Feedback: Is cool. It's always nice to know somebody likes the crap I write.
Summary: This is basically an AU AU story (Is there such a thing, actually ?) When Vampire Willow gets back from the alternate universe our Willow pulled her into, she finds someone waiting for her back home. Then things get wacky.
Notes: Influences for this story: ZZ-Top - Viva las vegas. Motor Head - Ace of Spades. Watching Vic Fontaine on Deep Space Nine.
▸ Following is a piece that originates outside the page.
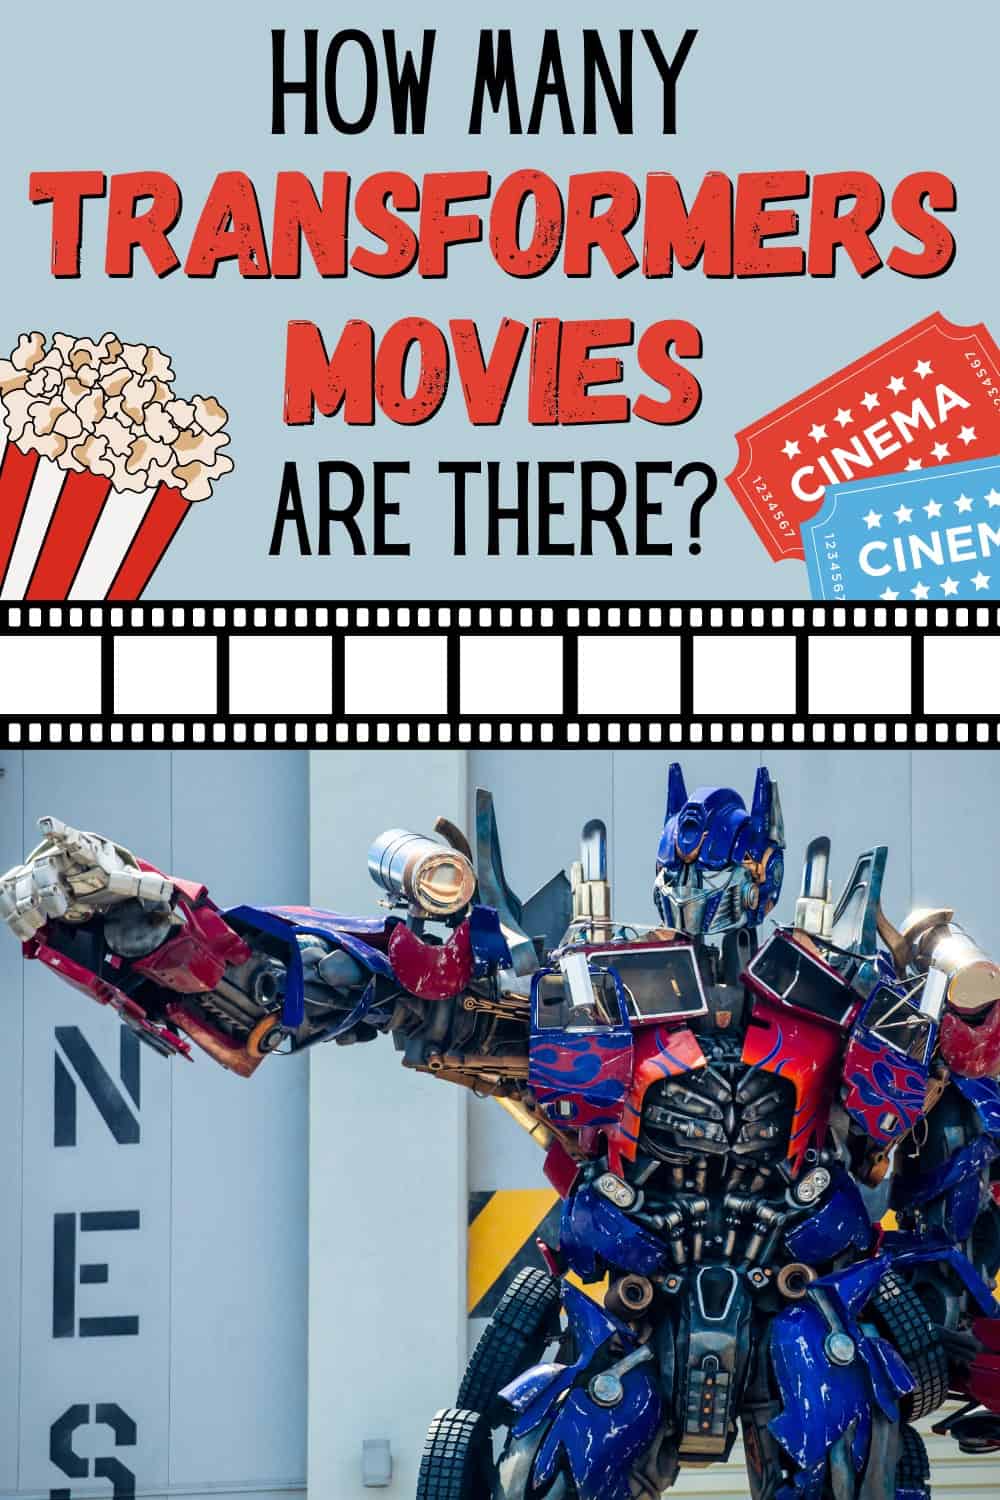 There are 10 Transformers movies in total

Willow faded into being, still feeling slightly disorientated from the spell that had send her back home from that horrible alternate universe. She shook her head and saw that the battle at the plant was still raging all around her. A little too late, she noticed that one of the White Hats... Oz, wasn't it? ... barrelling towards her.

Just as she was about to pushed into a jagged piece of wood, when she felt herself being yanked out of Oz's grasp. Looking to her side, she saw her savior smiling at her.


She was wearing a long leather coat and a green bodice, showing off her cleavage so very, very nicely. Her blue eyes, now yellow in her vamped-out face, danced with her blonde hair... but now, all of Tara's ire was directed at Oz. Willow's lover snarled evilly and treated Oz to a savage kick in the back, cruelly impaling him on the jagged piece of wood. Oz gurgled in pain, but Tara kept pressing down.

"There!" she shouted. "See how you like being staked!"

"Tara," Willow said, embracing her tightly. "I missed you so much."

"Nobody messes with my Willow-tree. But what happened to you? You were only gone for 2 seconds," Tara stated, taking a moment to launch a very destructive spell to the other side of the room, partially incinerating another White Hat, some pushy jock called Larry.

The Vampire Witch grinned at Willow for a moment. Willow grinned back. "Play now?" Willow smirked.

Together, the vampire lovers entered the fray.

Later, after all the nasty White Hats were dead and all the other humans were captured and 'processed', Willow and Tara were sitting in the room above the Bronze which they shared. Willow was telling her story to a frowning Tara who listened intently, while Willow comforted herself by petting their beloved cat: Miss Kitty Ferocio.

"And we had no power at all, humans ruled the streets," Willow spat. "And then there was me... fuzzy little me. God, she was so sexually repressed, it hurt."

"Repressed?" Tara smirked. "You?"

"Yeah, I know. Frightening, isn't it? Guess what... she had a boyfriend."

"Oh, ick!" Tara made a face.

"Yeah, I know," Willow said again, still petting the playful Miss Kitty Ferocio. "I offered to turn her, but she wasn't interested. I suppose the world just wasn't ready for two Willows."

Tara's eyes glazed over for a moment. "Oh, wow... the things I could do with two Willows."

"Guess what again! We haven't even met in that other universe," Willow said. "I didn't see you there, anyway."

"Heh," Tara smirked. "I would certainly gotten that Willow out of repression. I'm just the thing that other Willow needs."

"Well, forget it, cause you're mine," Willow huffed. "Besides, if I was fuzzy and repressed in that sucky world, just imagine what you'd be like. I mean, you could be one of those shy wiccan earthy types. Or one of those seaweed drinking enviro-freaks. Or a rabid Star Trek fan who dresses up like a Klingon at conventions. You could even be," Willow whispered, "straight!"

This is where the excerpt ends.